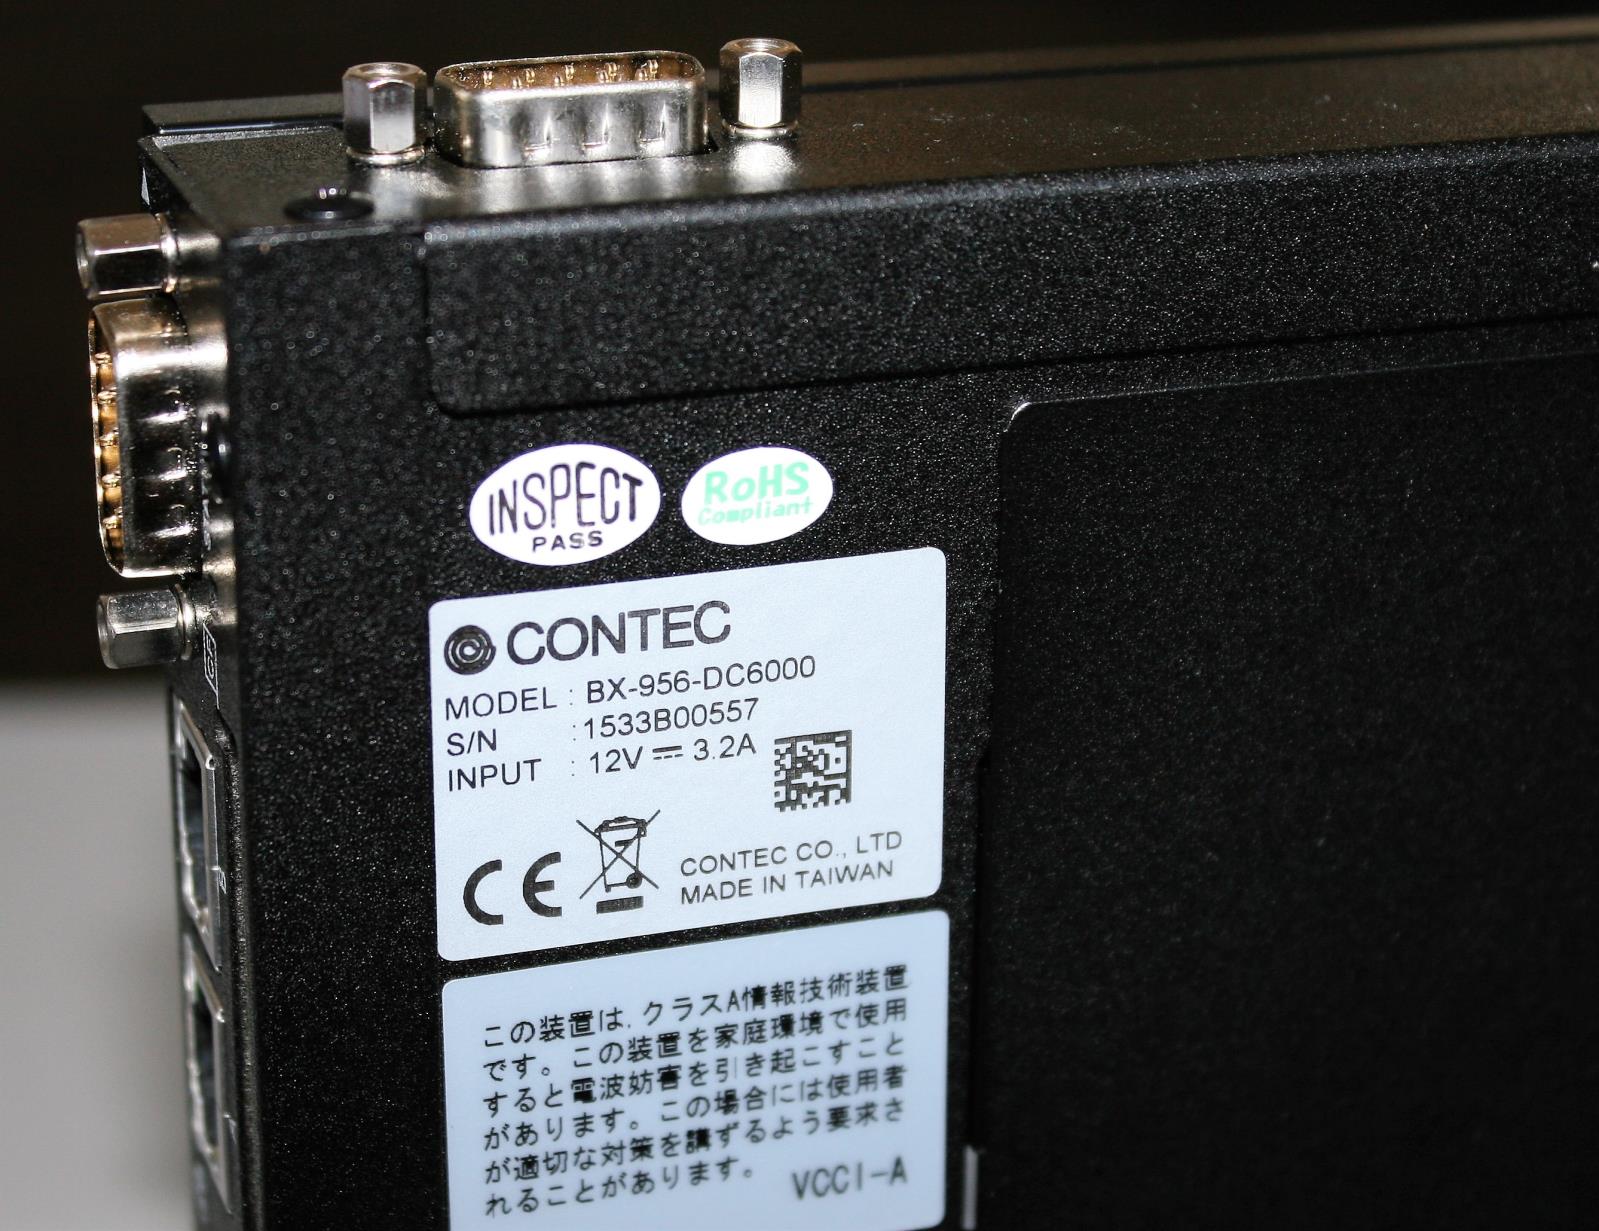 CONTEC DTx Industrial Thin Client BX-956-DC6000 1.66GHz 2GB RAM
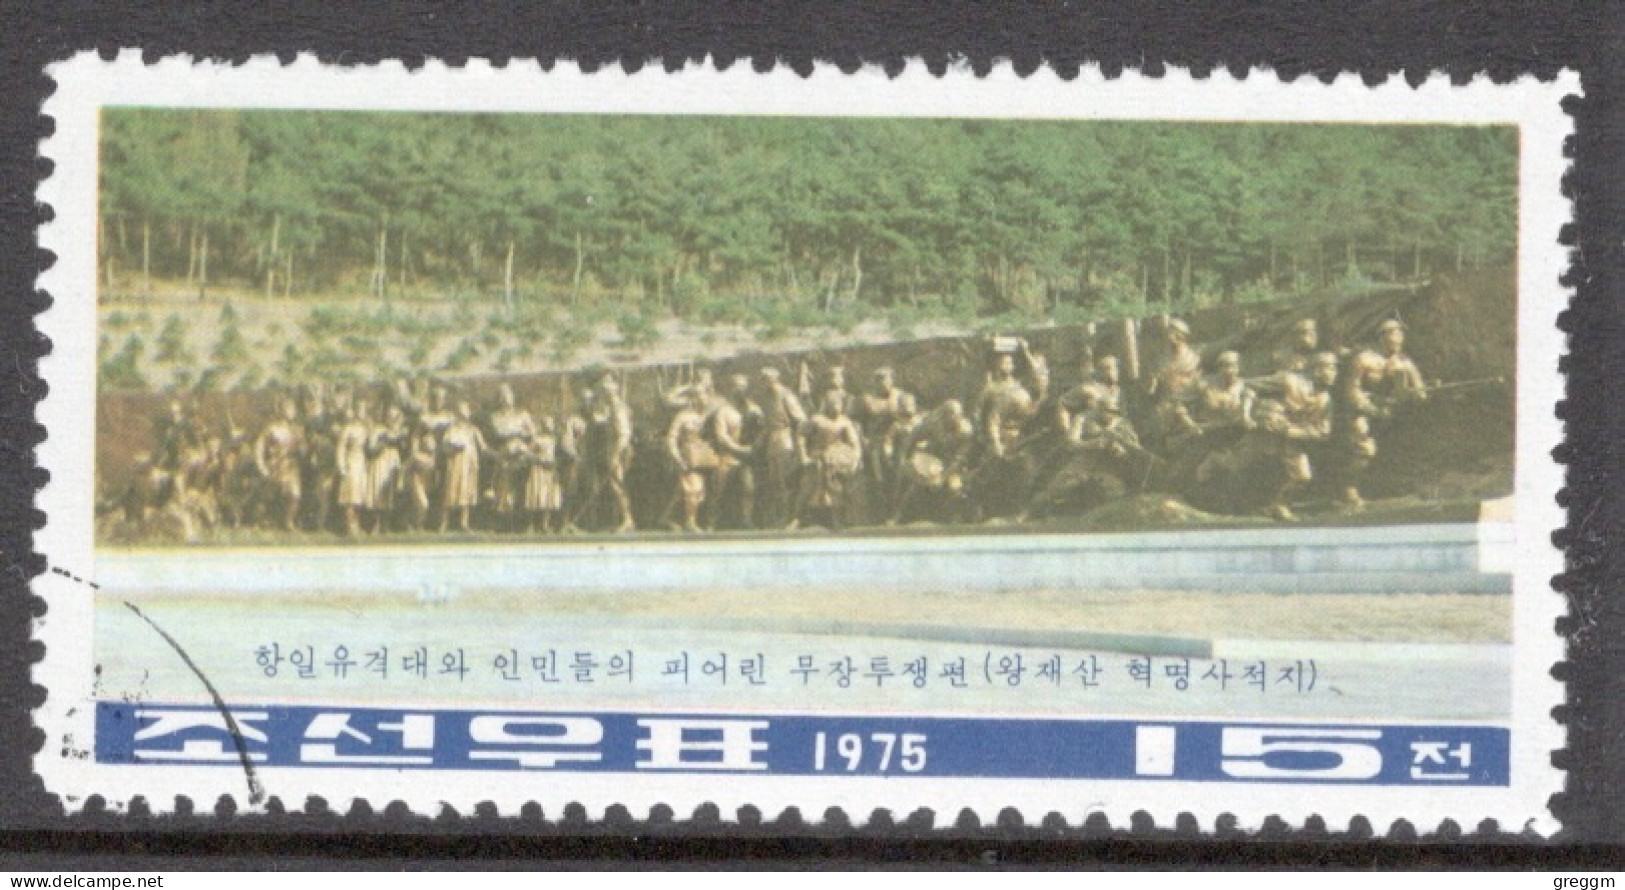 North Korea 1975 Single Stamp To Celebrate Wangjaesan Grand Monument In Fine Used. - Corée Du Nord
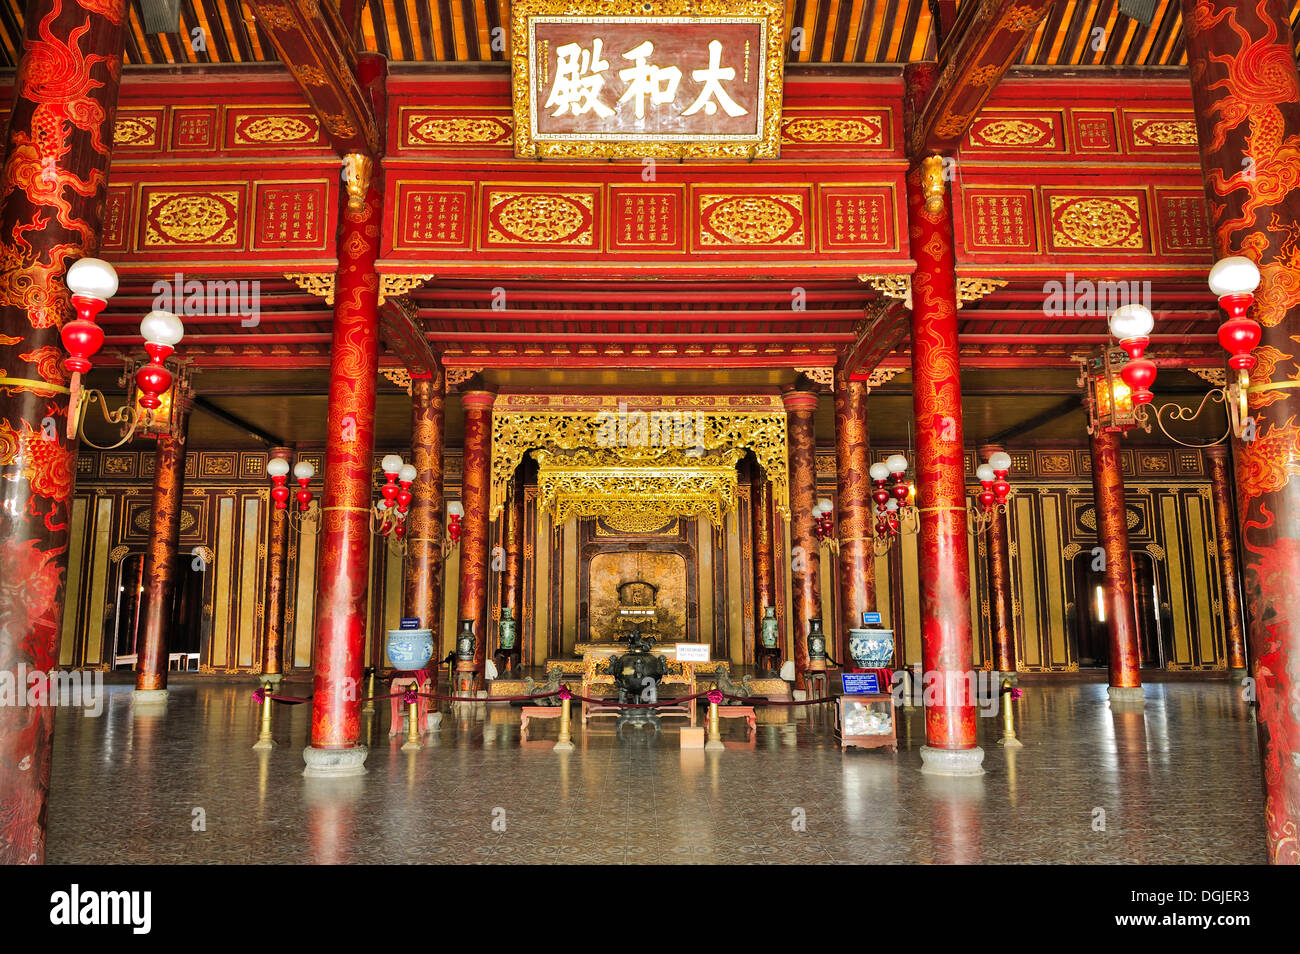 Vietnam Hue Imperial Palace Interior Stock Photos Vietnam
•••
DESCRIPTION OF THE TASK ->
Your task is to repeat exactly the lines from the one containing "North Korea 1975" through the end of the material, both included, and only those, without pictures.

ANSWER FOR THIS EXERCISE ->
 North Korea 1975 Single Stamp To Celebrate Wangjaesan Grand Monument In Fine Used. - Corée Du Nord
 Vietnam Hue Imperial Palace Interior Stock Photos Vietnam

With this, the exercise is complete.